Concurrency, Parallelism, and Distributed Systems
Concurrency refers to running multiple computations more-or-less simultaneously, whereas parallelism refers to using multiple cores or OS-level threads to coordinate computation. We now know that the former is relatively safe and easy to reason about, whereas the latter is extremely difficult and causes many subtle bugs. OCaml currently supports concurrency elegantly, but parallelism support is not built in to the runtime.
Concurrency
- eio:
A concurrency library using the OCaml effect system.
Unlike the other concurrency libraries,
eio
doesn’t require the usage of monads. This makes it easier to code using ‘plain` OCaml code.- video presentation on
eio
.
- video presentation on
- lwt: a monadic concurrency library.
Concurrent code uses monads to express the higher-level abstractions of control flow.
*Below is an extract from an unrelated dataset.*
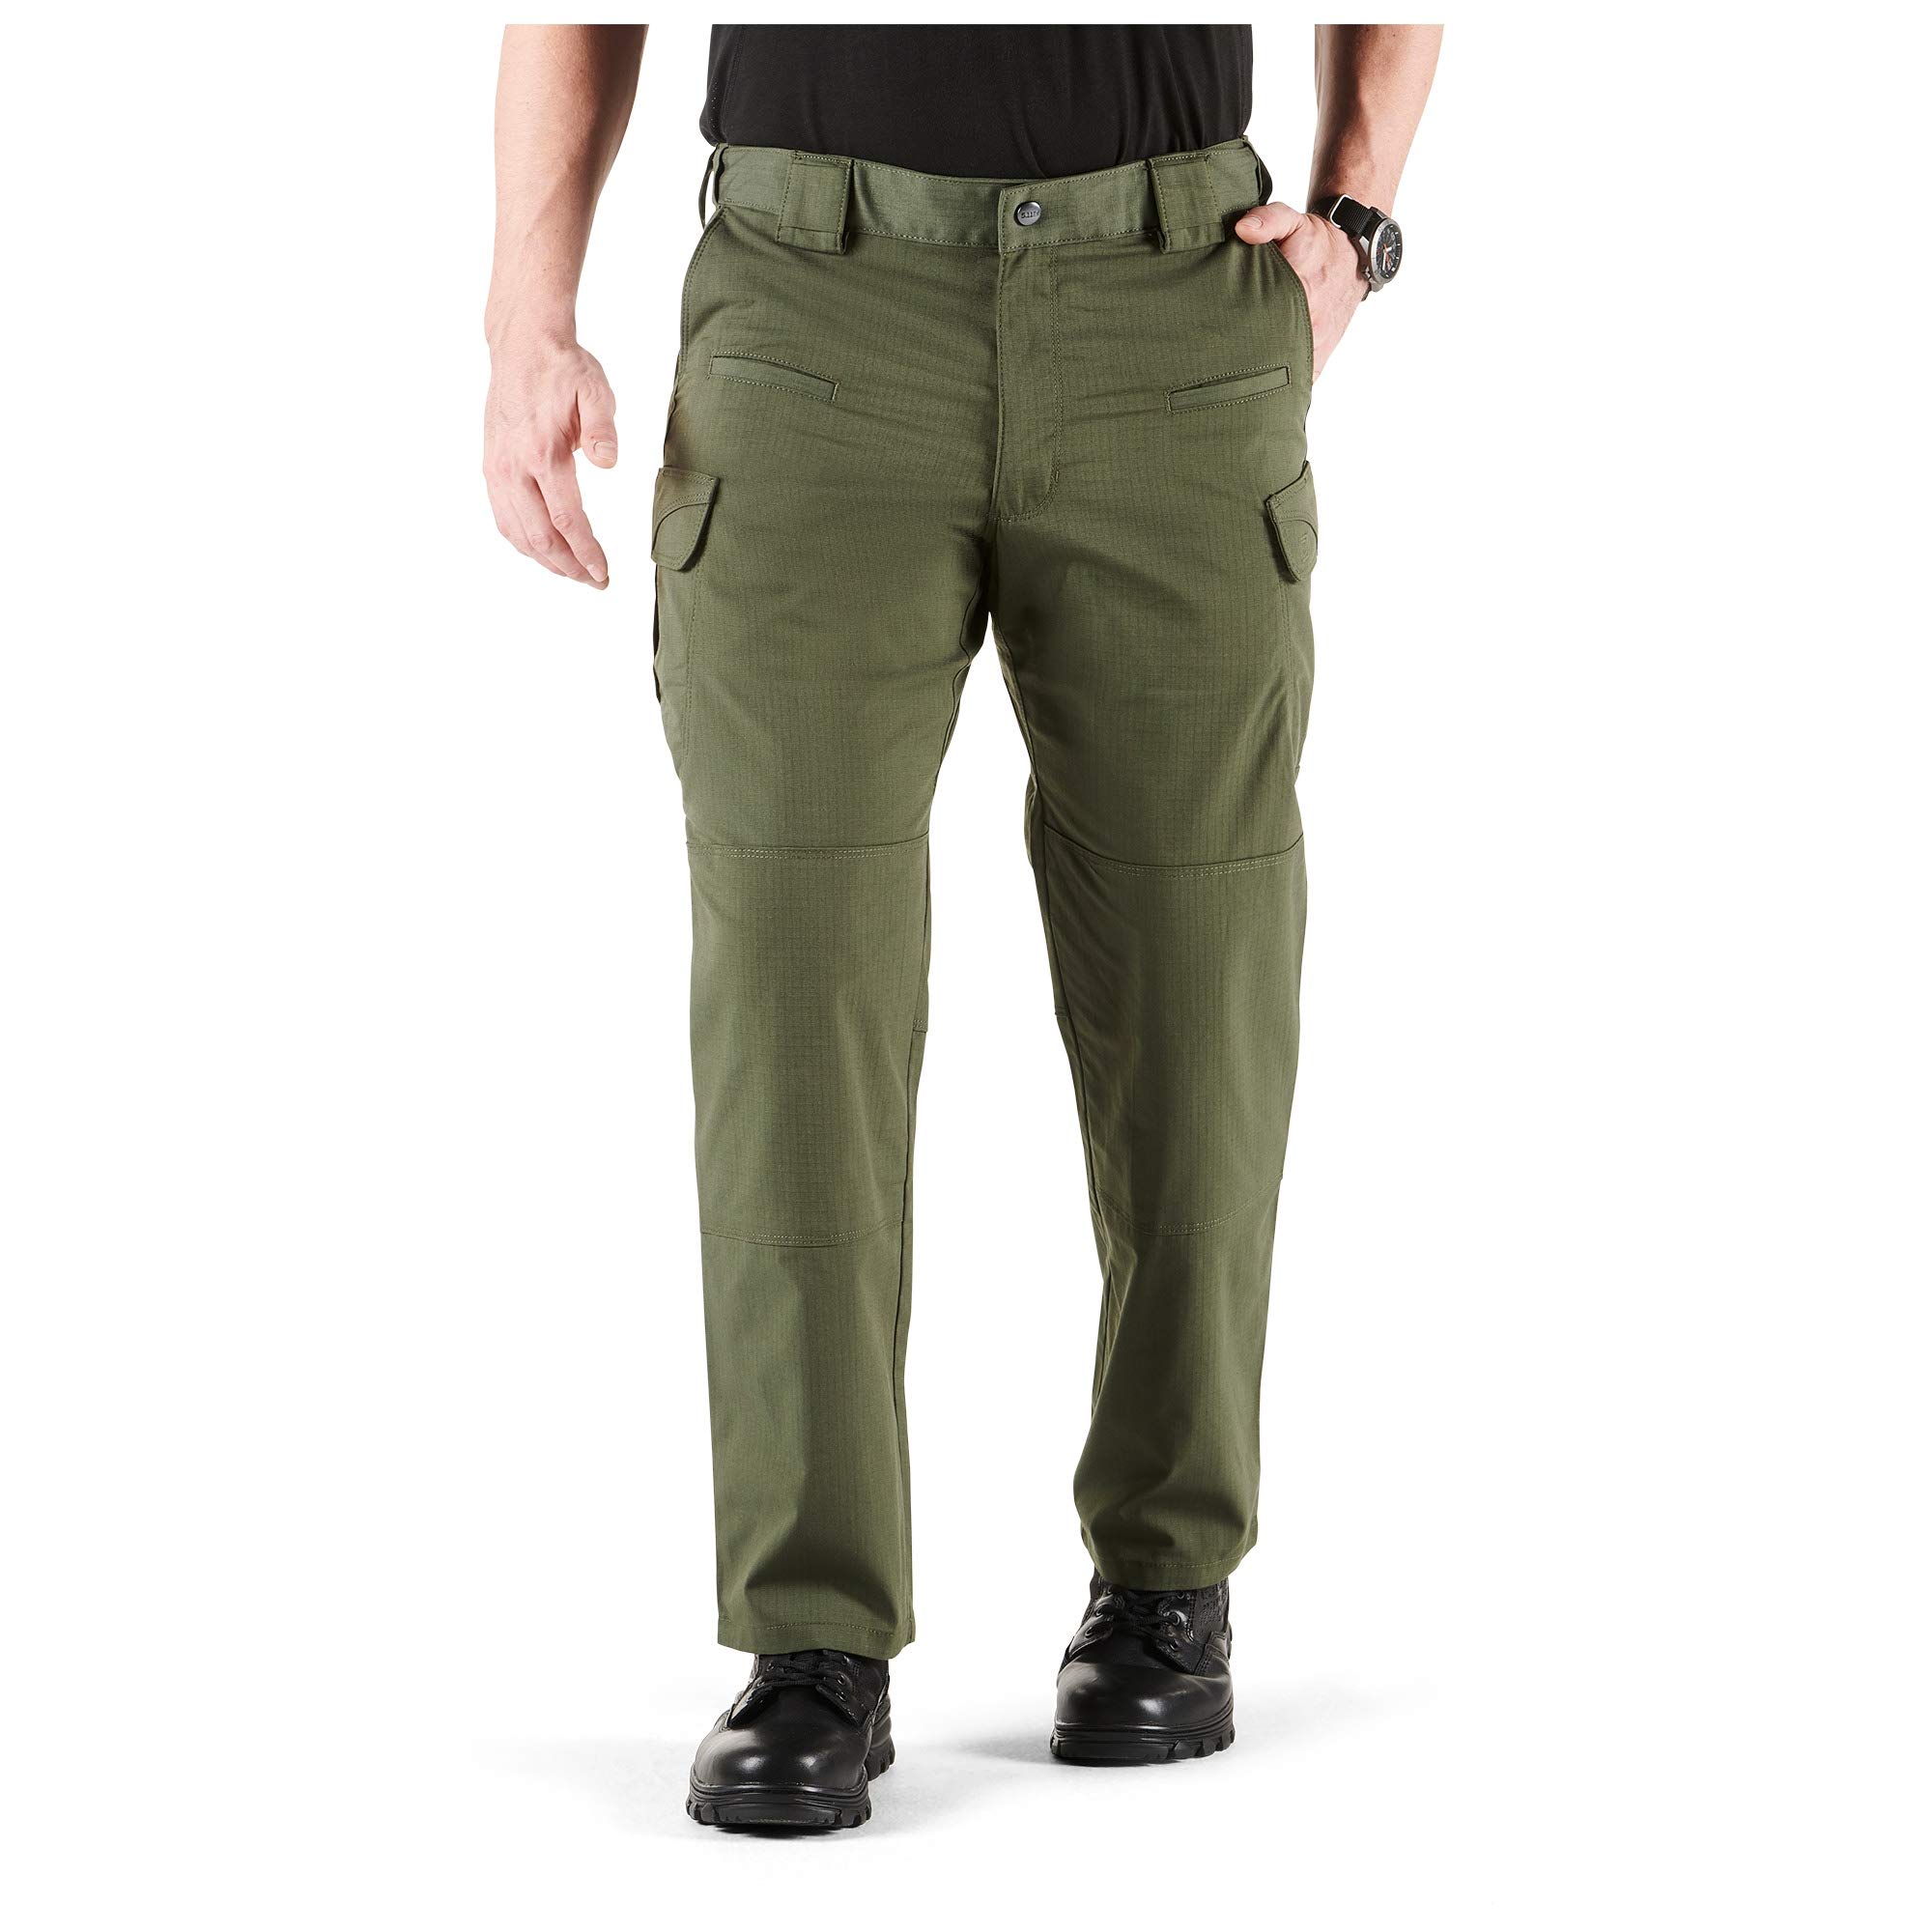 511 Tactical Mens Stryke Military Pants, Adjustable Waistband, Stretchable Flex-Tac Fabric, Tdu Green, 30Wx30L, Style 74369

- lwt-pipe: Stream/queue for lwt.
- RWO-lwt: Real World OCaml code examples translated from Async to lwt.
- lwt tutorial part 2 part 3
- Async: another monadic concurrency library developed by Jane Street. This library is covered in Real World OCaml. While the concept is very similar to lwt, small discrepancies make compatibility between the libraries difficult.
- LUV:
Bindings to libuv,
an event loop-based system that runs
node.io
. This is also a replacement for theUnix
module, allowing for full process control in a system-independent manner.
Articles
- The blog post that introduced Async
- A user gives up on Async
- Cooperative Concurrency in OCaml: Using Async
Parallelism
As mentioned above, OCaml currently doesn’t natively support multiple OS-level OCaml threads running simultaneously. A global lock prevents multiple OCaml threads from running simultaneously.
Since we currently don’t have thread-level parallelism, process-level is used instead.
- Parmap: Provides easy-to-use parallel map and fold functions. The library makes use of forking to create short-lived child processes, and memory mapping to feed the data back to the parent process.
- Parany: Generalized map reduce for multicore computers (unfold, map in parallel, fold). Parany can process in parallel an “infinite” stream of elements (too big to fit in memory). Any Parmap functionality can be reimplemented using parany.
- hack-parallel: Parallel processing library using shared memory. Used by Facebook’s Hack.
- lwt-parallel: Lower level mechanism to create child processes in lwt and have it communicate with the parent via socket.
- ForkWork: Similar to Parmap above.
- By interfacing with external C code through the FFI, OCaml can pass off long-running computations to C threads running at the same time as OCaml code. This is made easier nowadays due to CTypes (see ffi)
- Nproc: A process pool implementation for OCaml using lwt. Rather than creating or forking processes as needed, preallocates them and sends them units of work as required.
- Ocamlnet: An enhanced system platform library. It contains the netmulticore library to compute tasks on as many cores of the machine as needed. This is the most powerful implementation of parellelism currently available for OCaml, as it is capable of creating a shared memory region, and running a custom-made garbage collector on said region.
Multicore OCaml 5.0
The most promising and powerful way to use multicore is with the new multicore branch, has recently been incorporated into OCaml 5.0. OCaml 5.0 will use a parallel garbage collector, which means that it will eventually be able to run on multiple cores in the same process. Note that this branch is not yet ready for real work, but it’s rapidly advancing. For more information, consult the Multicore Wiki.
- Parallel Programming in Multicore OCaml: great article on using the Multicore OCaml branch.
Distributed Computing
Distributed computing is similar to process-based parallelism, except that the child processes may or may not be on remote machines. Therefore, distributed computing libraries generally also perform parallelism on the same machine as well.
- Rpc.Parallel: a library for spawning processes on a cluster of machines, and passing typed messages between them.
- Functory: a distributed computing library which facilitates distributed execution of parallelizable computations in a seamless fashion.
- MPI: message Passing Interface bindings for OCaml.
- ocaml-rpc: light library to deal with RPCs in OCaml.
- distributed: Library for distributed computation in OCaml. Similar to Erlang’s model and inspired by Cloud Haskell.
- reactor (alpha): Actor model for OCaml, similar to Erlang Elixir.